The Words of the Holy Fool

This page is not for the faint of heart.  It is offered in fun, and should not be read by people liable to be offended by loud laughter or (especially) evil-speaking of the Lord's anointed (who take a real basting in it).  Please, please don't read it if you are at all offended by acid critiques of institutional Mormonism (or institutional religion of any kind, really).  It is much, much more abrasive than anything else on this blog.  In fact, it makes everything else here (everything!) look extremely, unbelievably tame.  

In general, Nietzsche's lion doesn't appear much on this blog: when he does show up, he is usually wearing some kind of muzzle ("be polite to prophets even as you doubt their integrity, you uncouth brute!").  Here, you get the wild thing unleashed, untamed, in all his awful glory.  He is not a tame lion.  I cannot hold him or keep him back here.  The divine fury possessed me as its humble instrument, and I just had to write and write.  This terrible screed was the result.  He wrote it, not me--not the nice, reasonable guy you are used to from the blog.  This dude is a wild animal!  Caveat lector.

Now, if after that you decide to read and feel offended, don't say I didn't warn you.  And don't think that I am "angry" or that my position relative to institutional Mormonism has changed one iota.  It hasn't.  I still think that the church contains a lot of good stuff, but that doesn't mean that it is perfect (any more than anything else: some sins not even charity will cover).  It has always been my feeling that the best things in any situation do not disappear when we examine them with humor.  The truths that matter are still true when you make fun of them: in fact, they improve when we laugh at them.  So read, and if you cannot laugh with the lion, at least try to laugh at him.  So earnest.  So wild.  So silly.  And his language is not always couth.  But he starts off sounding reasonable, perfectly rational and balanced, as you can see.

Initially, I blamed a lot of the angst I felt in confronting my humanity on Mormonism (and some of that was merited: I got some unnecessary bad stuff from some of the Mormon people in my life, including myself).
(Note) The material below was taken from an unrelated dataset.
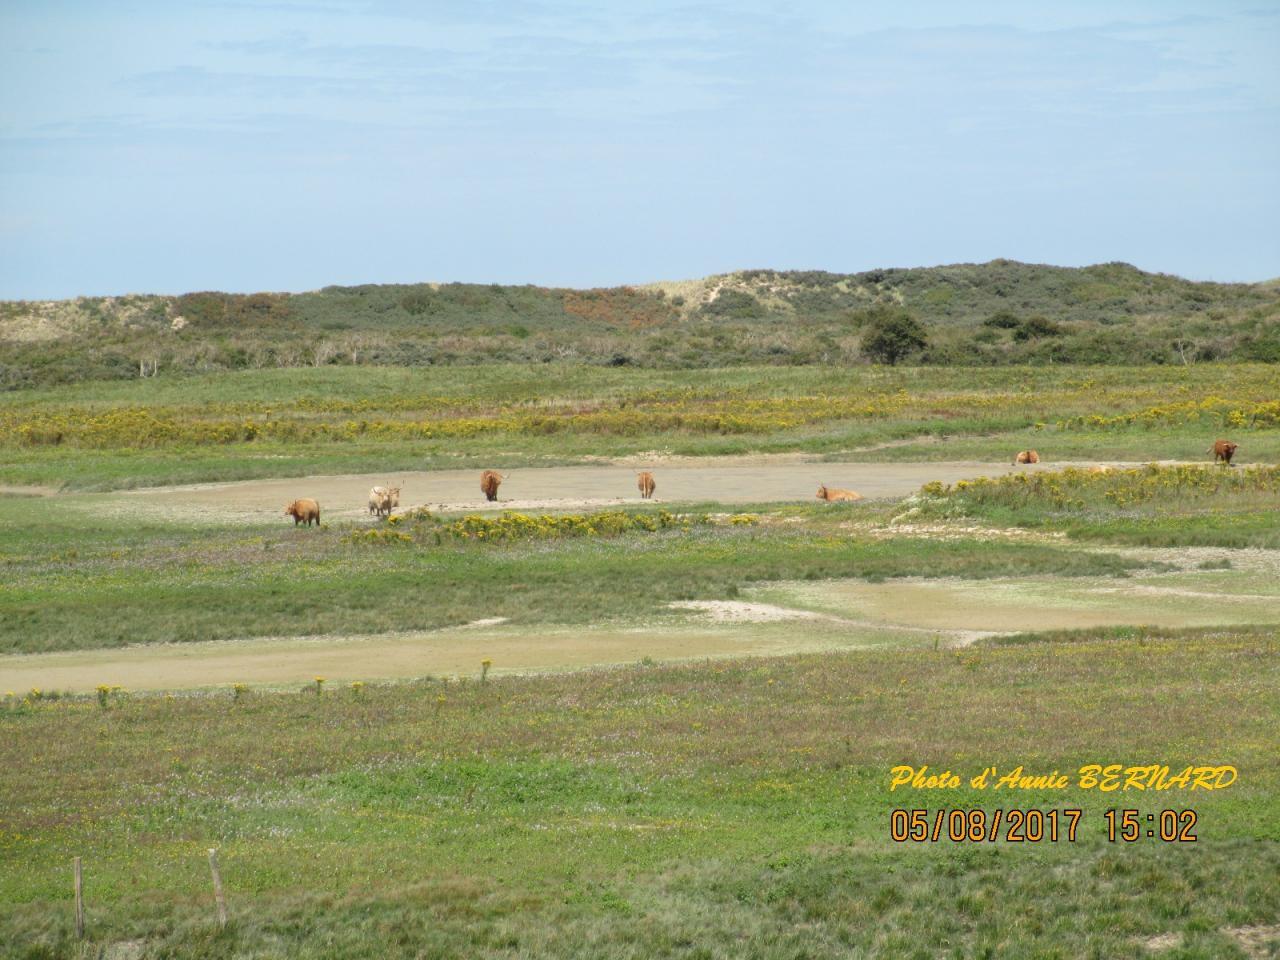 Animaux en liberté sur la réserve naturelle de Oye-Plage
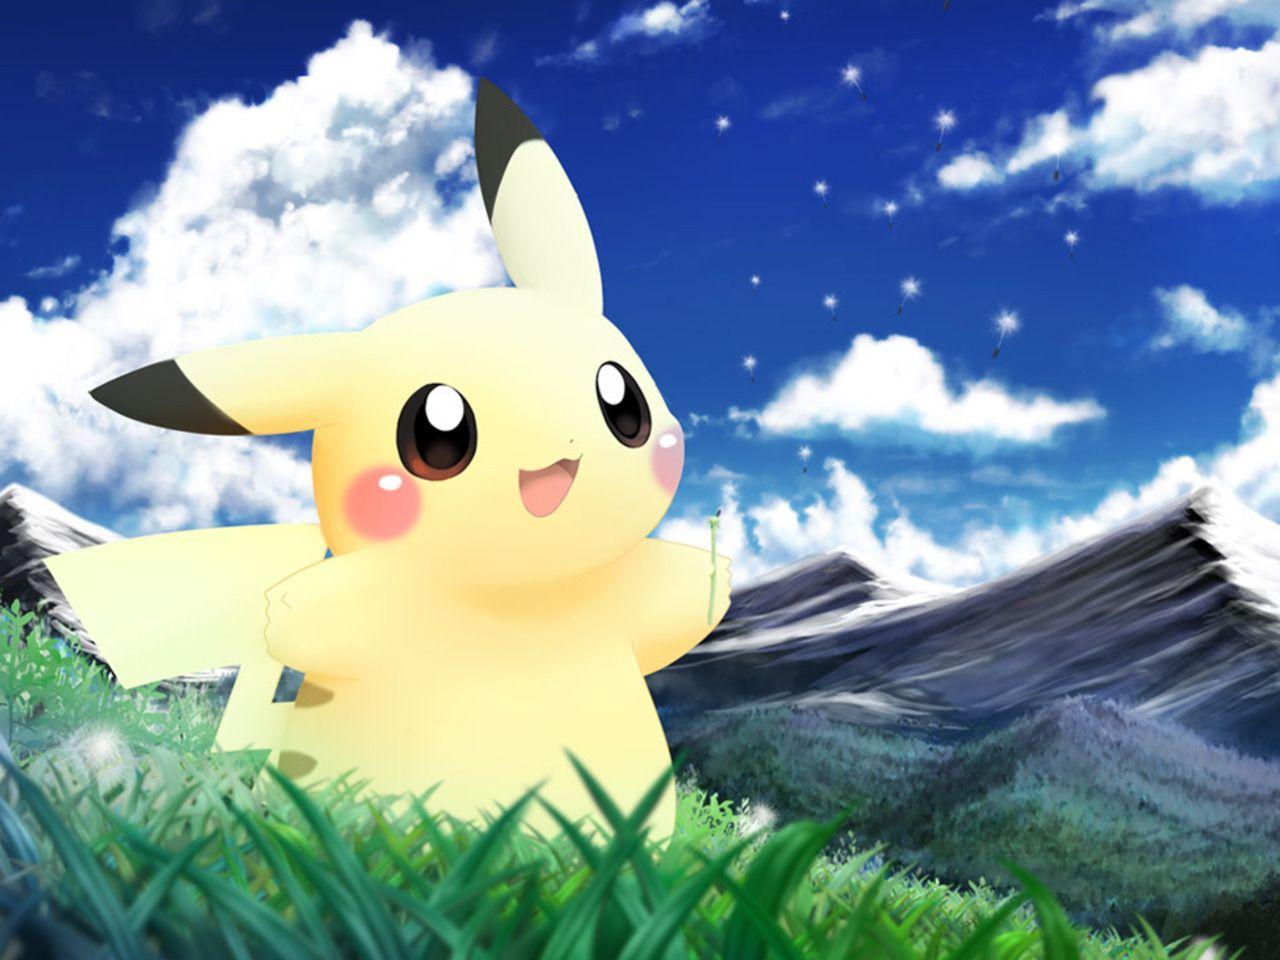 1280x960 Pikachu - Pokémon - Hình nền - Bảng hình ảnh Anime Zerochan

But now I see that much of it was only incidentally Mormon. There is nothing inherently horrible in Mormonism (or any -ism). Whatever there is horrible in ideologies is what people, people like me, put there. I can rebel against an -ism, against a church, against a culture outside myself, but how to rebel against myself? That is the real problem, the real battle that we come back to when all is said and done.

My battle is no longer about Mormonism, really. It is about me confronting my human limits and learning to live, and live well, within them. I have learned that I have to respect them. There are no silver bullets, no places of permanent safety, no communities where I can "let it all hang out" and expect to coast effortlessly to eternal happiness (or even lasting temporal happiness). I have learned to suffer. But in so doing I have also learned to let go of suffering, to accept it and move through it. I wouldn't trade that for anything.  I feel lucky, grateful even. It will sound awful to some people, but I even feel grateful to Mormon leaders, including the most dickish, for being such transparent fools and insufferable assholes that they forced me to stop drinking the Kool-Aid and confront the reality that my naive, childish views of life were (and were always going to be) utter horseshit. If they had been too good, too worthy of the awesome mantle they affect, I might never have seen the need to reach outside childish daydreams for adult happiness (and sorrow). I might never have lived. How sad. I would hate that.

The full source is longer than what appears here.